Como funciona o processo de criação?

O primeiro disco que gravei com banda tinha 15 anos, foi há 17 anos atrás. Depende muito. Há fases em que estou lendo alguma coisa, então eu começo escrevendo muito. Tem fases em que estou ouvindo muita música instrumental, então faço um disco inteiro sem letra e depois vou escrevendo. Às vezes faço colagens, pego um poema e boto em cima de uma música pronta e vejo se funciona. Canção de Apartamento, o meu primeiro disco a solo, foi todo feito mais ou menos de forma parecida: sempre sentado com o violão e um caderno, um processo mais à moda antiga.

 

©Eduardo Magalhães

 

Como é a tua relação com a música portuguesa? O que gostas de ouvir?

Gosto de muita coisa. Tive uma namorada portuguesa que me apresentou coisas que estavam fora do meu radar. Comecei a ouvir mais depois da primeira vez que vim a Portugal, já tem um tempo, foi em 2013. Ouço muito Manel Cruz, Capitão Fausto, Carminho, B Fachada… Estou até querendo tocar uma música do Manel Cruz nos shows aqui em Portugal.

Se pudesses escolher um artista português para fazer uma parceria musical, quem seria?

Manel Cruz. Vou tocar no Festival Rock Nordeste no mesmo palco e no mesmo horário que o Manel Cruz, só que no dia seguinte…

A relação entre a música brasileira e a portuguesa tem criado laços cada vez mais fortes. Como vês essa ligação?

Vejo a nação brasileira como se fosse uma continuação das linhas de raciocínio de Portugal, a forma de viver em sociedade, os sentimentos… Ontem estava no apartamento com a banda e com dois músicos portugueses que vão tocar com a gente, e aí começamos a ouvir Luiz Gonzaga, que é um músico brasileiro dos anos 30/40. Aí o trombonista começou a falar que o som era igual a fulano (que era um músico português da mesma época). Aí começaram a mostrar (esqueci o nome agora), mas era a mesma sonoridade, era a mesma poesia, o mesmo jeito de cantar, só que com o ritmo um pouquinho diferente.
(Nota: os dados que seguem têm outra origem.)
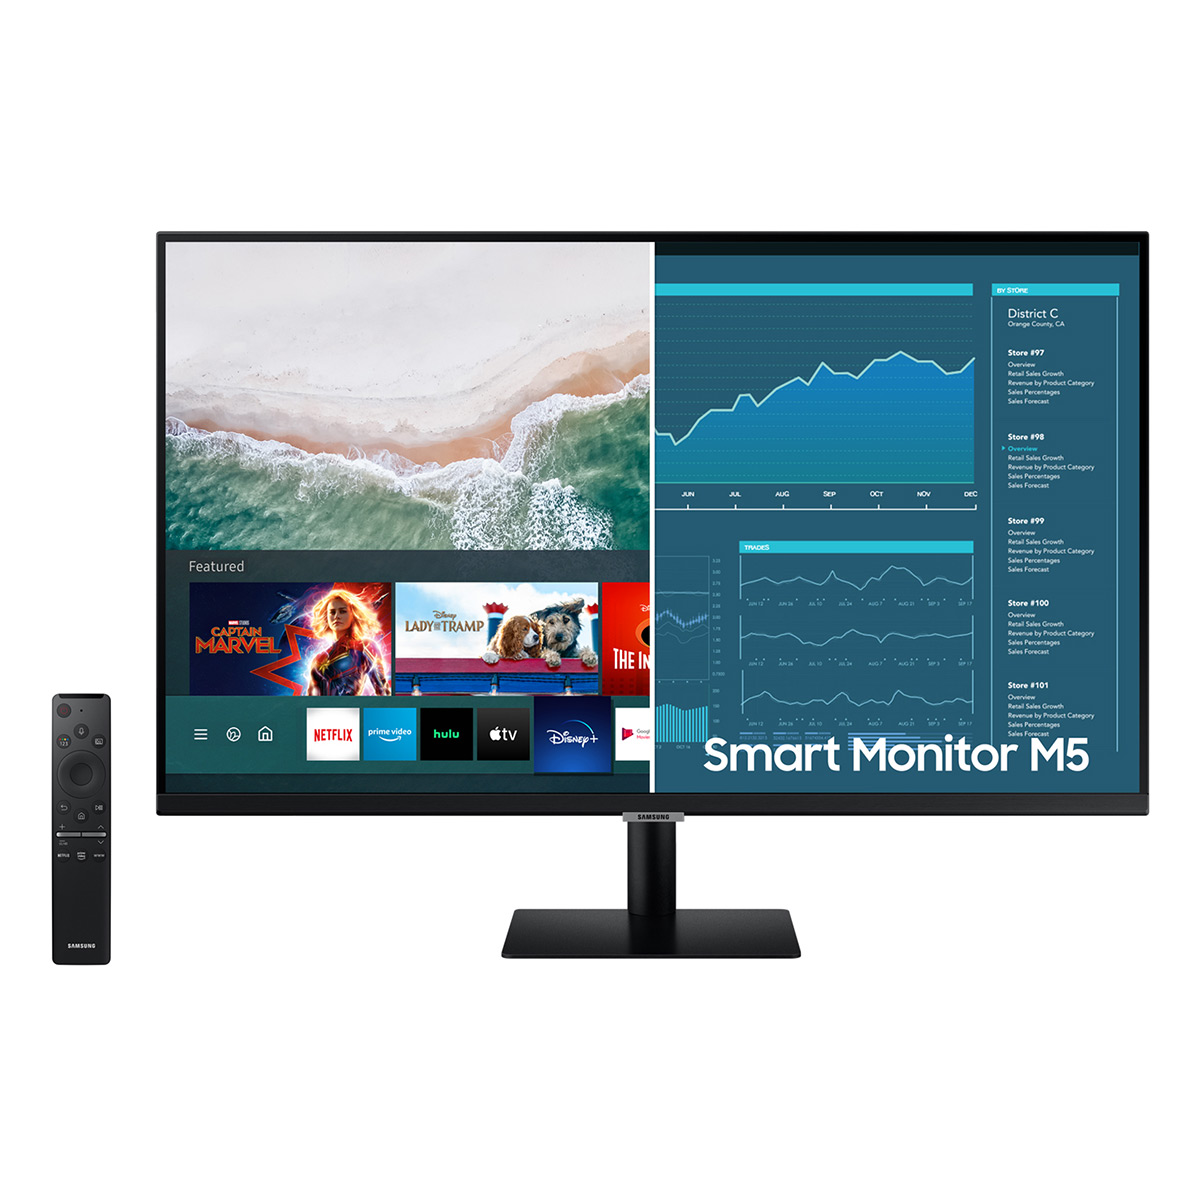 SAMSUNG 32" M5 LED Smart Monitor and Streaming TV, FHD, Remote Access, Microsoft 365 (1,920 x 1,080) - LS32AM500NNXZA - image 1 of 12

O processo civilizacional brasileiro é mais um modelo americano, mas eu acho muito parecidas nossas culturas. Nos últimos anos aconteceu uma abertura dos media, a internet começou a botar em contacto o brasileiro com a cultura portuguesa, mais do que através da televisão.
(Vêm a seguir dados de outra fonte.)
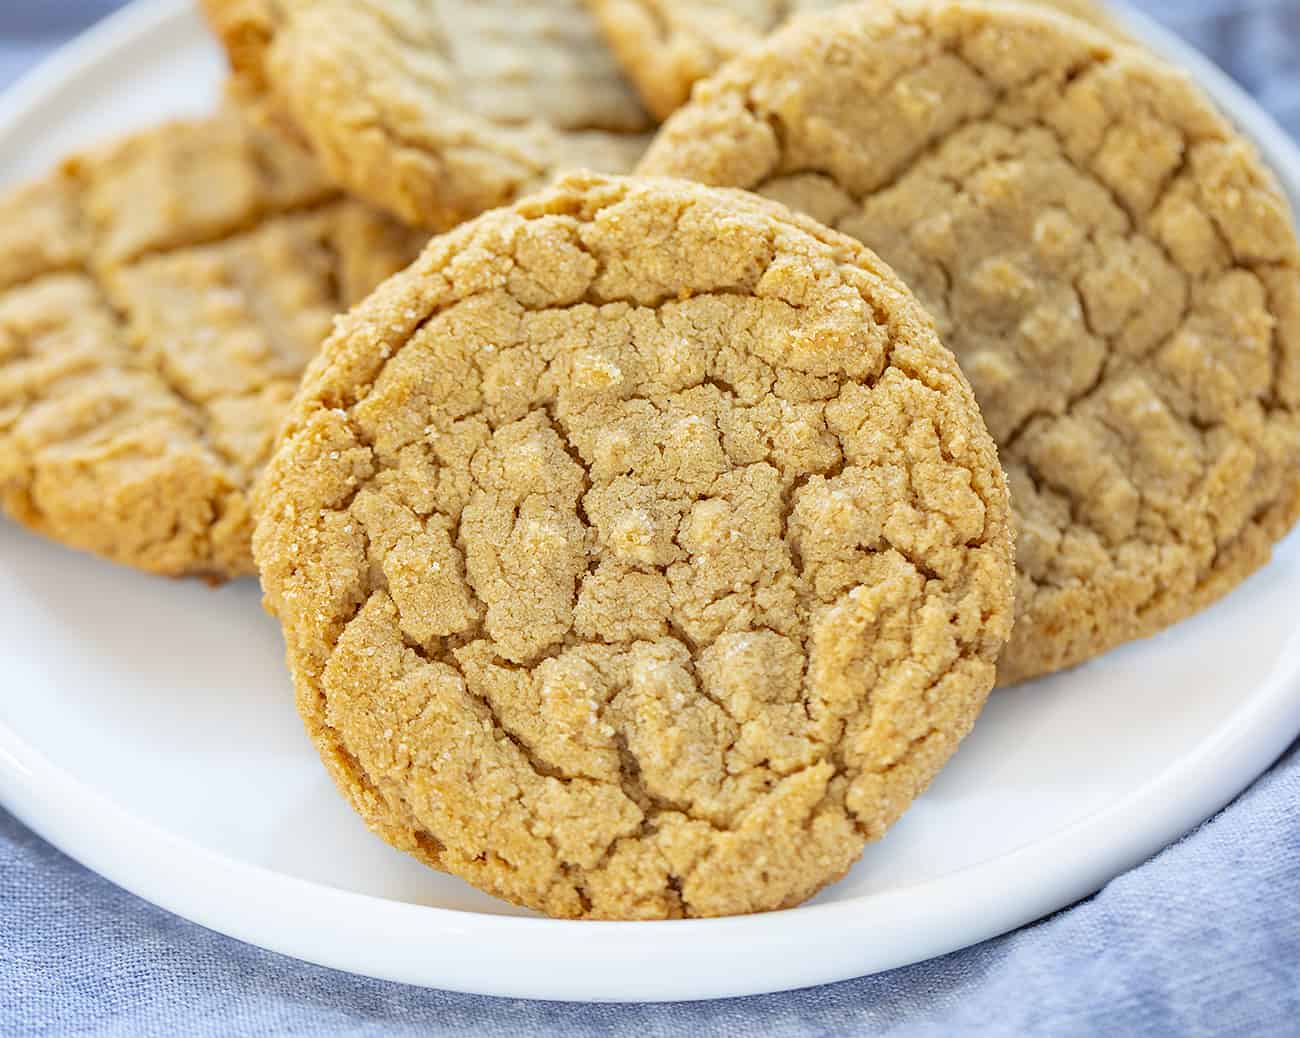 Three Ingredient Peanut Butter Cookies on a White Plate with Blue Napkin

No dia 20 de junho, apresentas o disco no Capitólio. Quais as expectativas para este concerto?

Tento sempre controlar minha expectativa para que seja uma noite agradável, mas eu sempre penso no show de Portugal como se fosse a primeira vez que estou tocando para aquelas pessoas. Já toquei bastante em Lisboa, mas quero muito ter esse sentimento de primeira vez. Sempre tenho impressão de que são pessoas que estou vendo pela primeira vez, um sentimento de descoberta.

As tuas viagens inspiram-te de alguma forma?

Totalmente. Esse disco novo tem uma música que comecei a fazer aqui em Portugal. Chama-se Velho Sitio (sem o acento da língua portuguesa, sitio como lugar). O meio onde estou influencia as músicas que vou fazer naquele período. Todos os meus discos foram assim. São muito ligados ao bairro em que eu moro, ao som do dia-a-dia: se acordo com som de carro ou som de passarinho, se as pessoas são gentis ou não. Isso influencia seu estado emocional, seu interior. Suas questões mais profundamente internas têm a ver com seu vizinho, com o céu que você ’tá olhando.

Li numa entrevista que gostarias de viver em Lisboa. Para quando a mudança?

A minha ideia é vir no começo do ano que vem, logo depois do Carnaval. Março, talvez. Não é uma mudança definitiva, mas sim uma temporada. Meus pais estão com 65 anos, então eu pretendo ficar um, dois anos, mas voltar pra cuidar dos meus pais, em vez de me estabelecer definitivamente aqui. Já fiz a viagem para Lisboa cinco vezes e sinto que está cada vez mais curta a viagem. Eu chego à meia-noite no voo, durmo, e acordo em Lisboa.

Planos para um futuro breve?

Estou sempre pensando na próxima música. Não toco em casa as músicas que eu já gravei, tenho esse problema não sei porquê [risos]. É como se eu tivesse educado filho e ele, de repente, casou. Em casa estou sempre pensando na próxima ideia. Já estou com um monte de música nova, só que essas coisas ao longo dos meses vão melhorando ou piorando. Você grava e acha muito bonito, daí a um mês você ouve e acha horrível. Tem músicas que eu começo a achar horríveis, aí boas de novo, elas ficam mudando todo o ano. Tem algumas músicas que eu acho boas para sempre e algumas que eu acho eternamente chatas.